To address the high computational cost of dual-UNet architectures and the low fidelity of single-UNet designs in diffusion-based virtual try-on (VTON), this paper proposes Re-CatVTON—a lightweight single-UNet framework. Our method introduces three key innovations: (1) a spatially concatenated garment conditioning injection mechanism, eliminating redundant feature fusion; (2) direct injection of latent representations derived from real garments to mitigate error accumulation during denoising; and (3) a context-aware modified classifier-free guidance strategy for enhanced fine-grained control. Experiments demonstrate that Re-CatVTON significantly outperforms CatVTON on FID, KID, and LPIPS metrics, achieving quality comparable to the dual-UNet model Leffa.

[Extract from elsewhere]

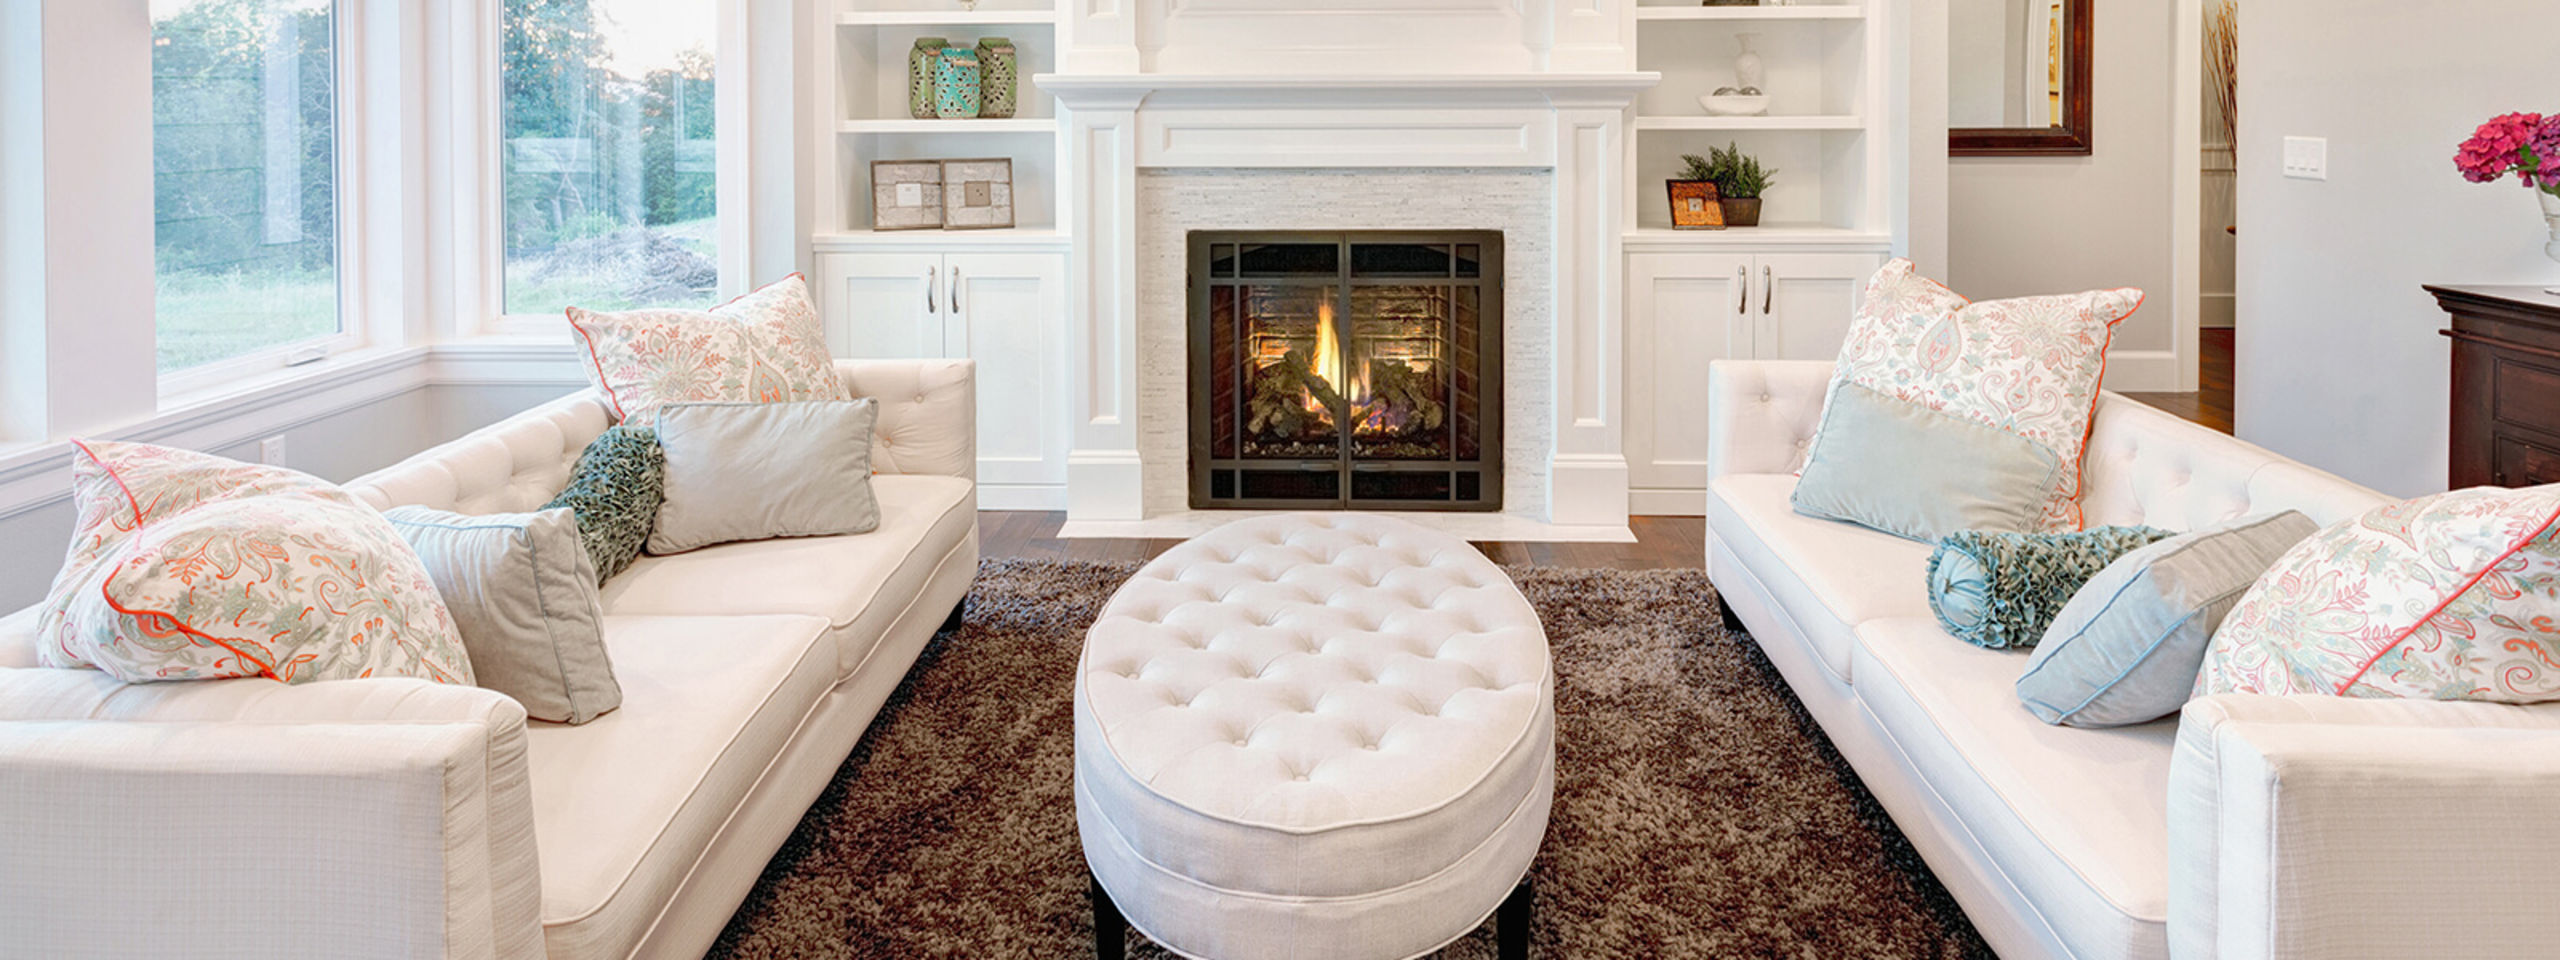 Cozy spaces to entertain

Moreover, it reduces GPU memory consumption by 37% and accelerates inference by 2.1×, striking an optimal trade-off between efficiency and visual fidelity.

Virtual Try-On (VTON) is the task of synthesizing an image of a person wearing a target garment, conditioned on a person image and a garment image. While diffusion-based VTON models featuring a Dual UNet architecture demonstrate superior fidelity compared to single UNet models, they incur substantial computational and memory overhead due to their heavy structure. In this study, through visualization analysis and theoretical analysis, we derived three hypotheses regarding the learning of context features to condition the denoising process. Based on these hypotheses, we developed Re-CatVTON, an efficient single UNet model that achieves high performance. We further enhance the model by introducing a modified classifier-free guidance strategy tailored for VTON's spatial concatenation conditioning, and by directly injecting the ground-truth garment latent derived from the clean garment latent to prevent the accumulation of prediction error. The proposed Re-CatVTON significantly improves performance compared to its predecessor (CatVTON) and requires less computation and memory than the high-performance Dual UNet model, Leffa. Our results demonstrate improved FID, KID, and LPIPS scores, with only a marginal decrease in SSIM, establishing a new efficiency-performance trade-off for single UNet VTON models.